TASK DETAILS:
Some entries follow. Reproduce exactly the lines starting at the one with "Danish artist Pernille" and stopping after the one with "The piece harmoniously".

=== DATA EXTRACT ===

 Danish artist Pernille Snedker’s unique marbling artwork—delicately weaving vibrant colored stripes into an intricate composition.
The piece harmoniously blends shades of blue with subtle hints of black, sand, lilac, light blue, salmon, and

===
=== DATA EXTRACT ===

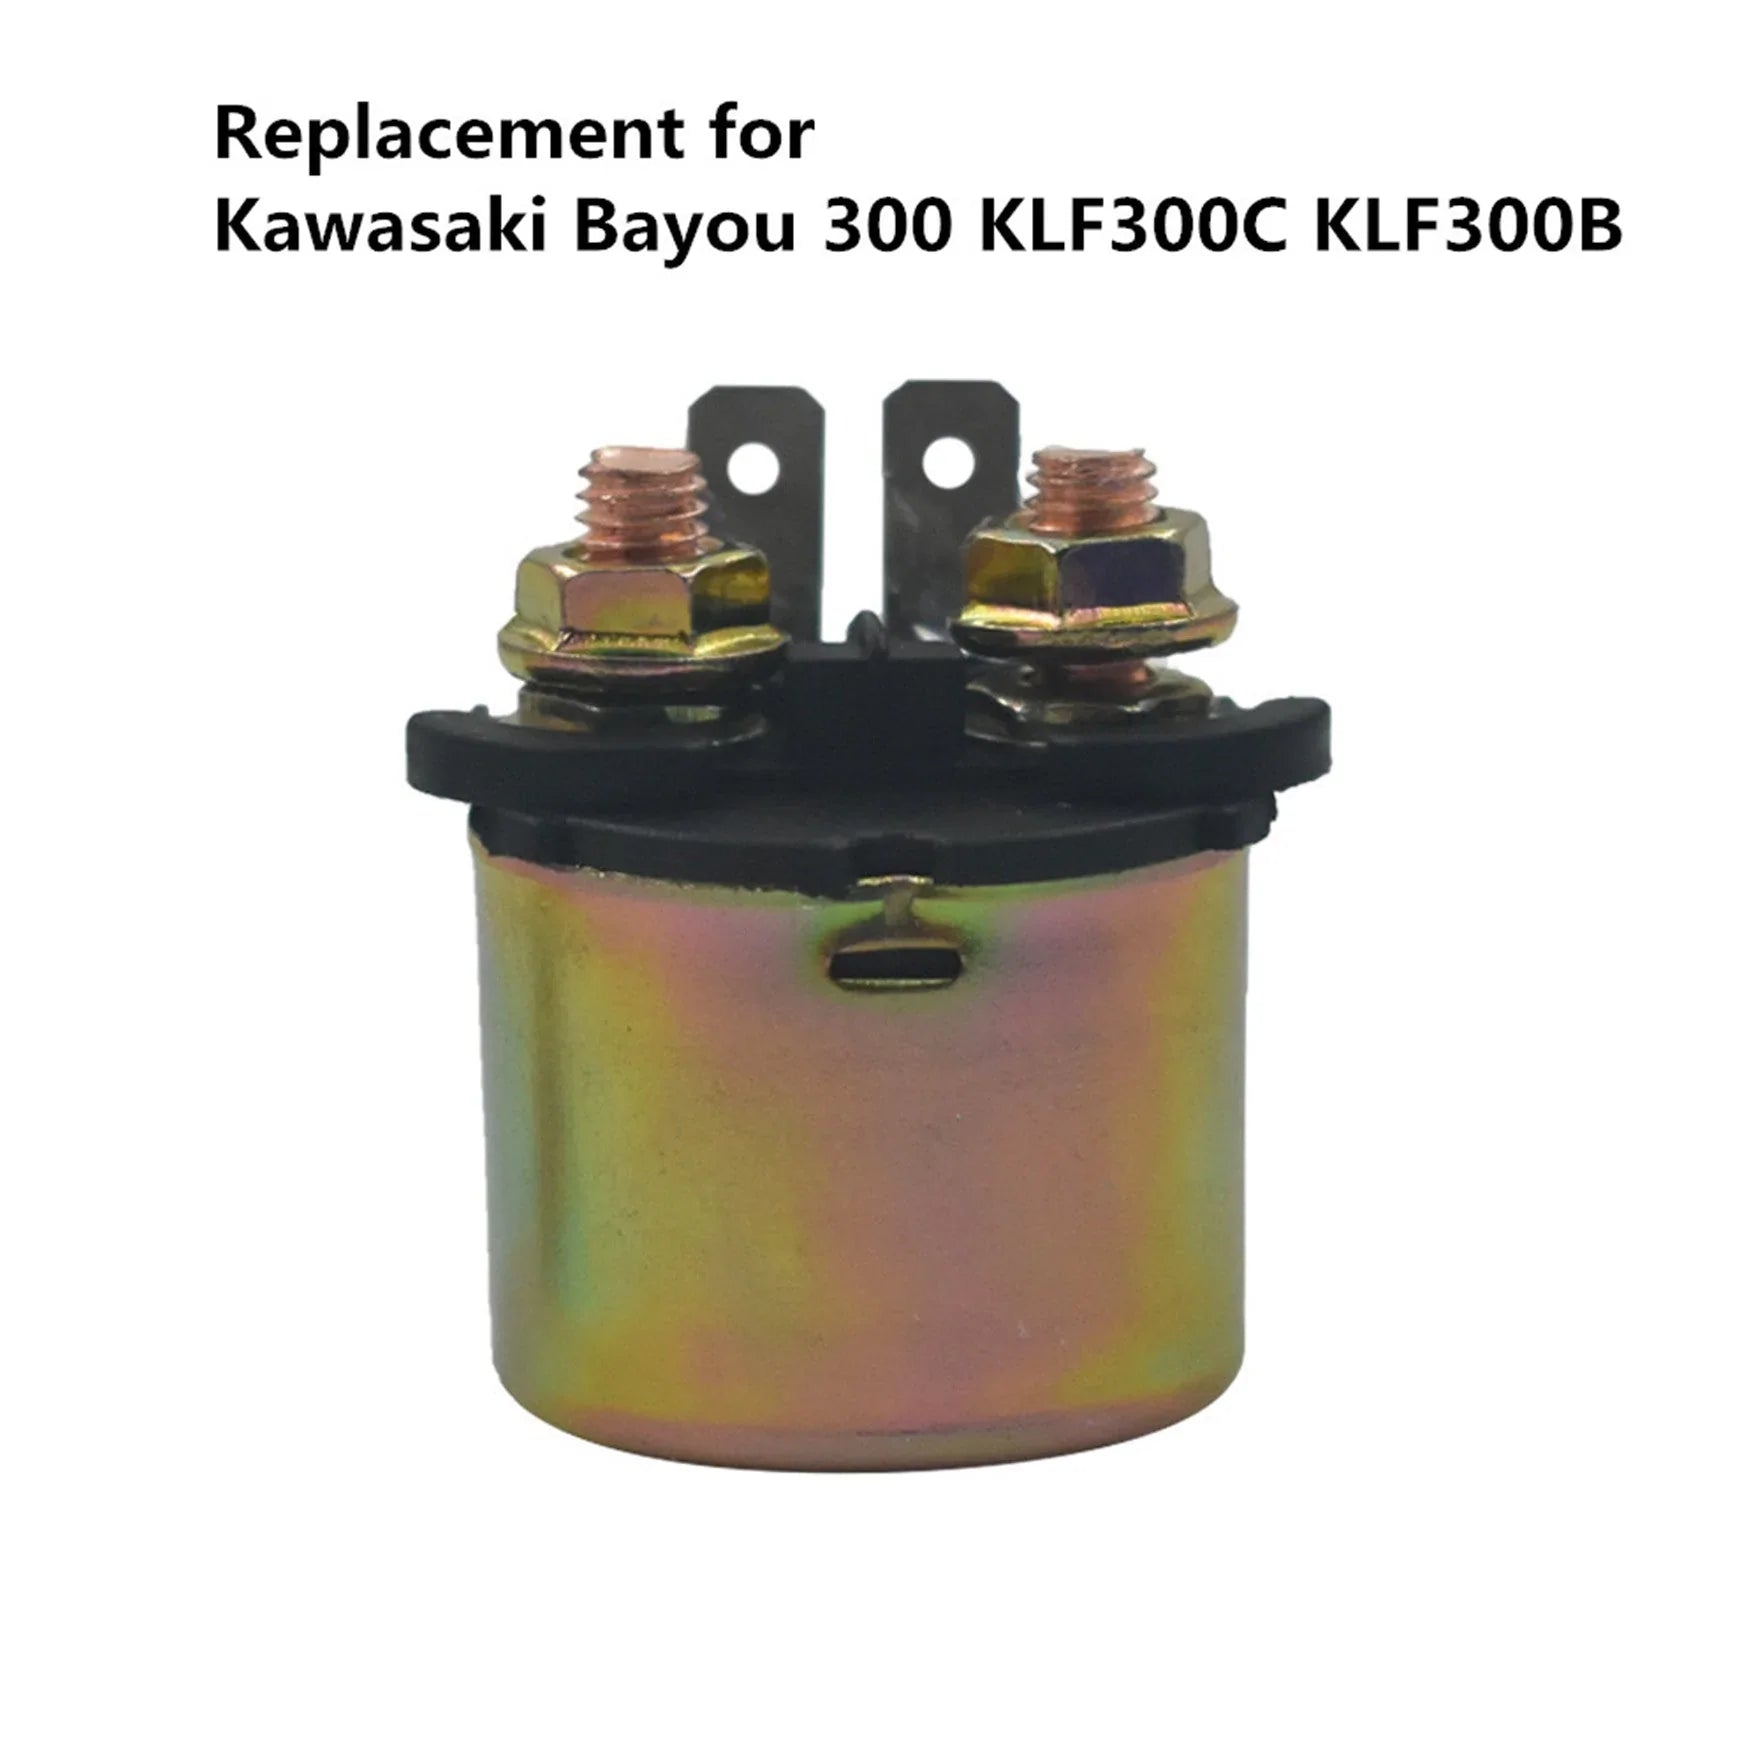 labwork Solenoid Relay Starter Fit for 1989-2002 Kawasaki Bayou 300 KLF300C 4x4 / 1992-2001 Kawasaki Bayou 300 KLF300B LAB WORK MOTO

===
=== DATA EXTRACT ===

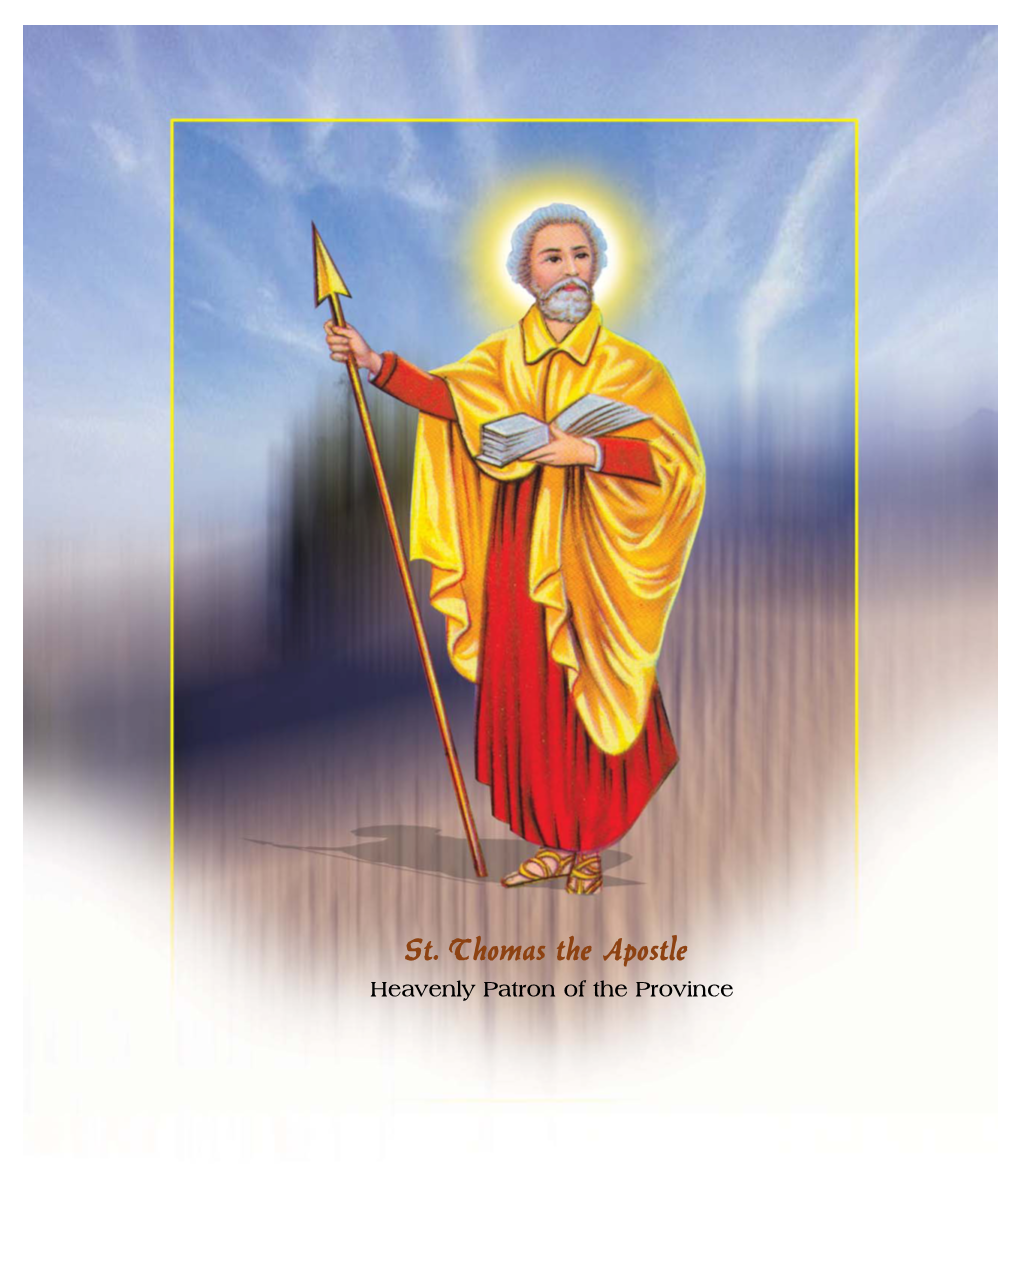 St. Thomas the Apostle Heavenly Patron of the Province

===

COMPLETED TASK:
 Danish artist Pernille Snedker’s unique marbling artwork—delicately weaving vibrant colored stripes into an intricate composition.
The piece harmoniously blends shades of blue with subtle hints of black, sand, lilac, light blue, salmon, and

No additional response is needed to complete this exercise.